Cognome di mamma? Niente di nuovo


  È stato sentenziato che i bimbi italiani possono portare il cognome di mamma invece di quello di papà. Prima o poi ci si doveva arrivare, poste le premesse dell’uguaglianza, e del resto, se facciamo una carrellata nella storia, non è nemmeno una novità.

 Prendiamo, per esempio, le monarchie in cui da sempre è prevista l’ereditarietà femminile del trono. La casata regnante in Gran Bretagna dal 1711 è quella dei duchi tedeschi di Hannover, maschi fino al 1837, quando ereditò Vittoria, la quale sposò sì un Sassonia Coburgo, ma i suoi discendenti continuarono a chiamarsi Hannover, e, dopo il 1917, Windsor; idem per Elisabetta II, il cui figlio ed erede (se non faranno la repubblica alla morte di lei, cosa che mi parrebbe più opportuna!) resta Windsor. Così per le casate di Olanda, Danimarca, Svezia e Norvegia, se a regnare è una donna che, ai fini privati, pigli marito.

 In Spagna, è costume aristocratico, poi diffuso, assumere i cognomi paterno e materno, con o senza “y”: Felice Lopez [y] Diaz… Di solito resta quello paterno, ma i più pignoli e prosopopaici li trasmettono entrambi assieme ai nuovi, donde chilometriche titolature. Negli Stati Uniti si usa il cognome paterno, ma spesso preceduto da quello materno: John Withe Smith, in genere scritto John W. Smith…

 Il sistema onomastico è del resto assai vario nei tempi e nei luoghi. I Greci non usavano cognome, bensì patronimici, del genere Pericle [figlio] di Santippo. Così molti altri popoli: gli Ebrei (bar Jona), gli Arabi (ben Jussuf), gli Irlandesi (O Hara), gli Scozzesi (Mac Artur), e gli Anglosassoni e Scandinavi (John-son). Sono tutti patronimici maschili, come gli italiani de Tommaso, di Donato… È però degno di nota che, nella Locri magnogreca, la poetessa Nosside dica di se stessa di essere “figlia di Cleoca figlia di Teofilide”, secondo una genealogia matrilineare. Non ci sono, del resto, cognomi italiani come di Maria, de Paola? E, in alcuni paesi della Calabria, le persone, anche i maschi, vengono indicati spesso con un matronimico: “Micu e Maria”.

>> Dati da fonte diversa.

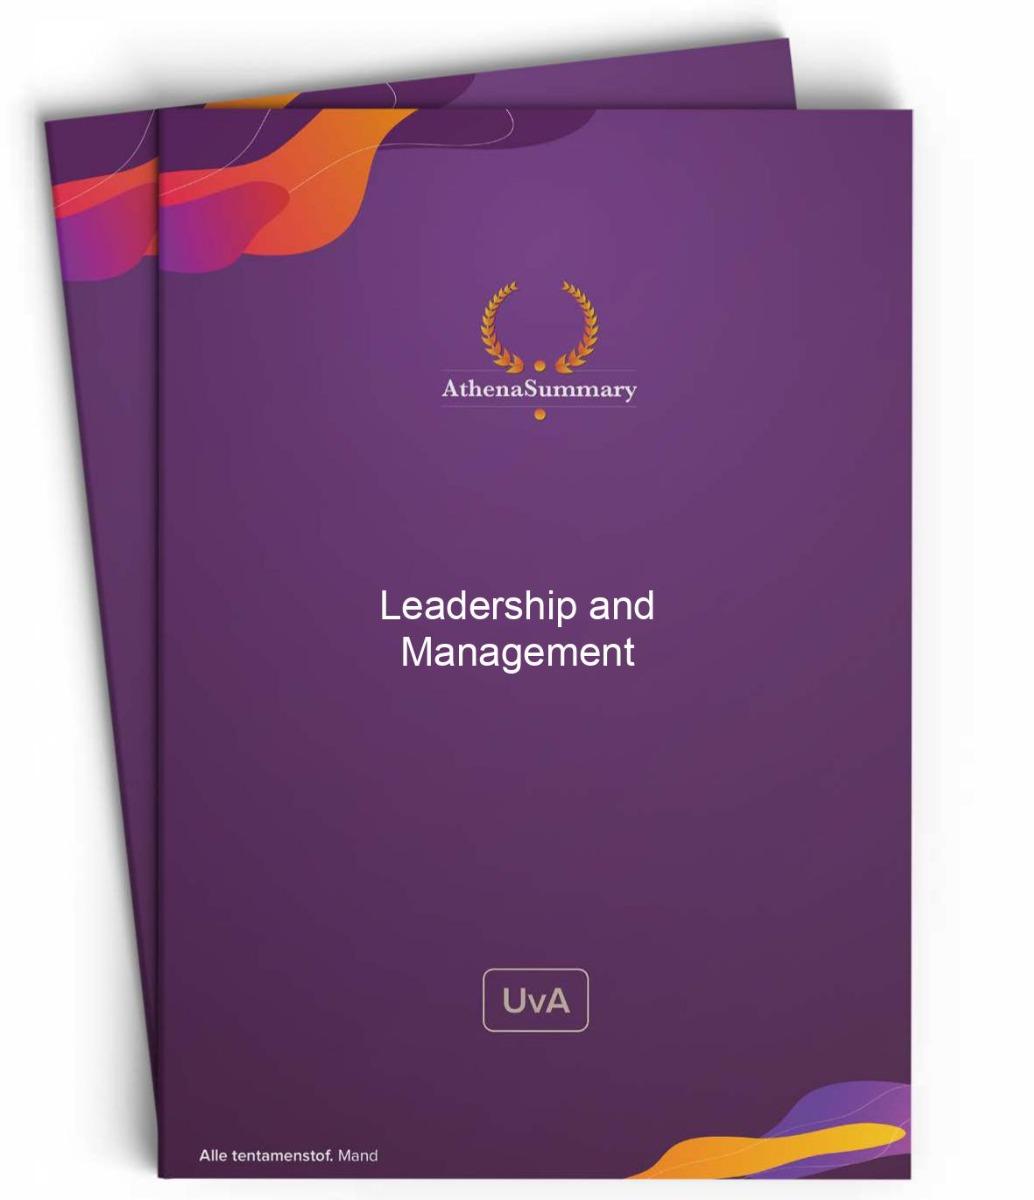 Literature Summary: Leadership and Management

 Una curiosità nostrana ormai dimenticata. Nella Locride era costume che, se un uomo sposava una donna ritenuta di più elevata condizione sociale, la famiglia usasse il cognome legale paterno, ma venisse indicata con un soprannome derivato da quello materno. La famiglia Fragomeno di Siderno, miei avi, era chiamata per questo motivo i Congiùstini, e i Congiusta a loro volta Ferrèttini. Qualcosa di simile accade, nel Verga, a Gesualdo, che, ricchissimo ma plebeo, viene chiamato non Motta, bensì Trau come gli aristocratici e spedalitissimi parenti della moglie.

 I Romani nobili maschi avevano tre nomi (Caio Giulio Cesare), mentre le donne, in età repubblicana, erano indicate solo con il nomen della gens: Giulia, Claudia, Valeria… Non così in età monarchica, dove è attestata, per esempio, una Dindlia Malcolnia; o nella tarda età imperiale, con Cecilia Metella o Galla Placidia. Un sistema patriarcale, quello dei Romani: ma non possiamo passare sotto silenzio che, a nostro avviso, cognomi romani come Catone, Marone, Varrone, in origine erano parole femminili. 

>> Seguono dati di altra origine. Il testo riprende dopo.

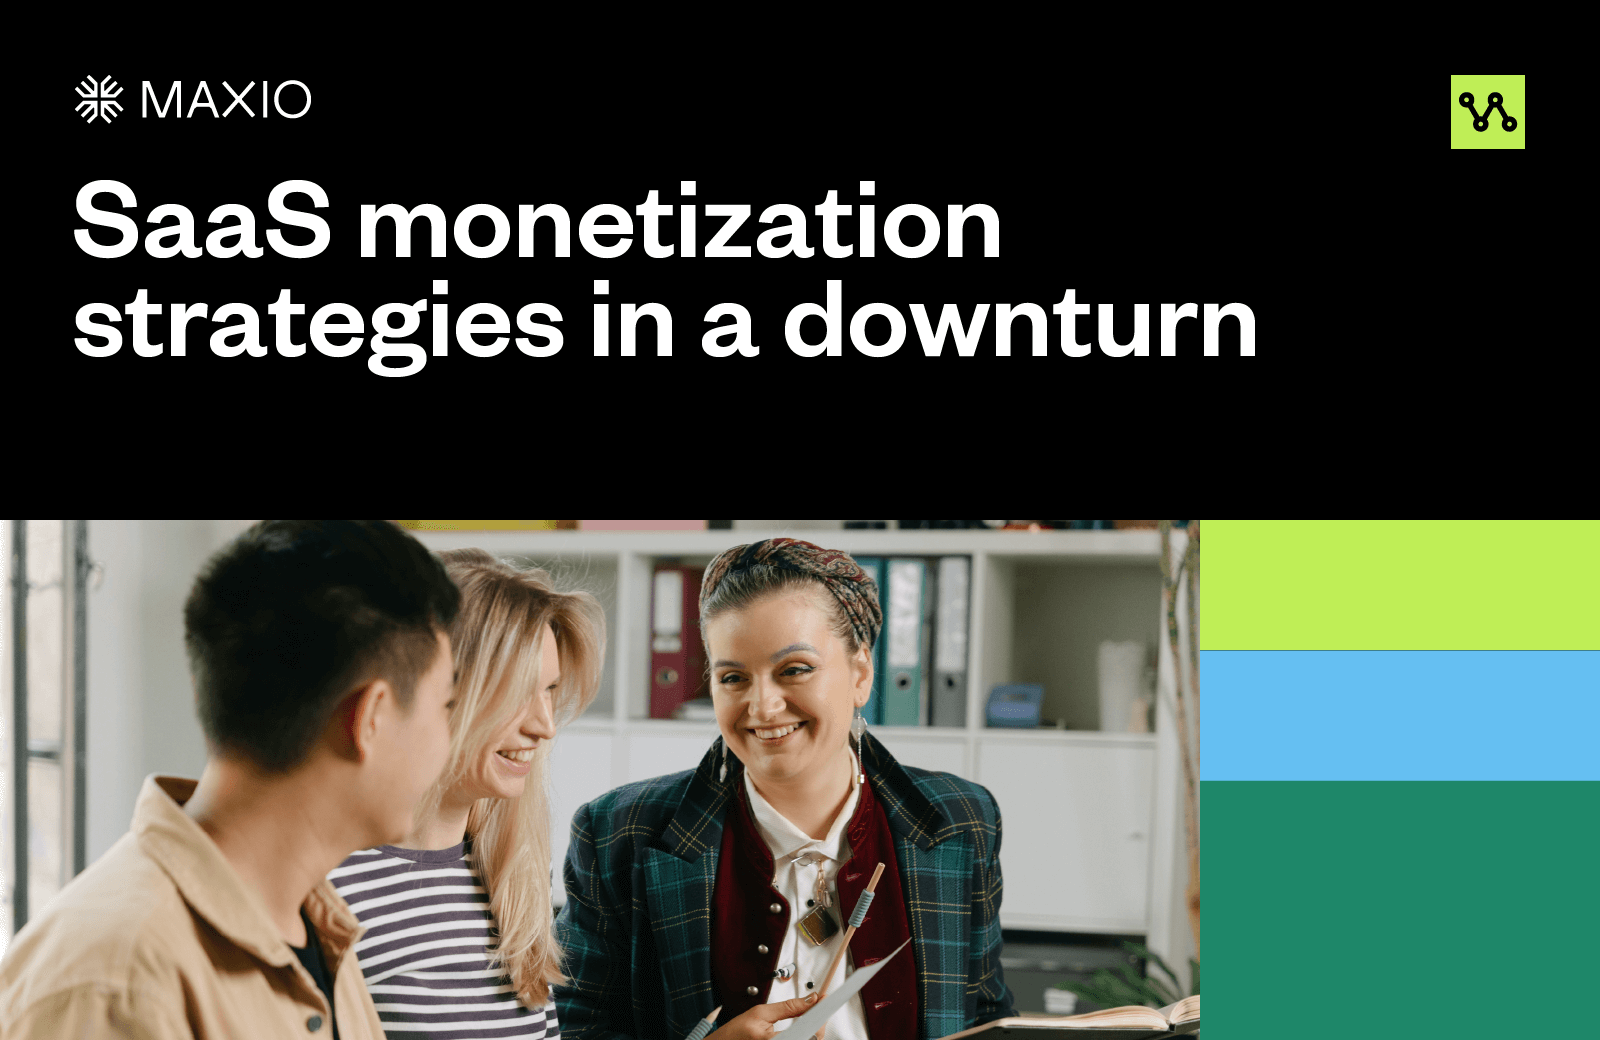 Image introducing SaaS monetization strategies in a downturn

 Nel Medioevo le donne portavano nome e cognome, e ne lasciavano traccia nell’onomastica: una signora forse di Ferrara, Alighiera degli Alighieri, sposò un cavaliere fiorentino, Cacciaguida, “e quinci il soprannome tuo si feo”: ne derivò il cognome di Dante.

 Niente di nuovo sotto il sole, nemmeno nella storia dei cognomi.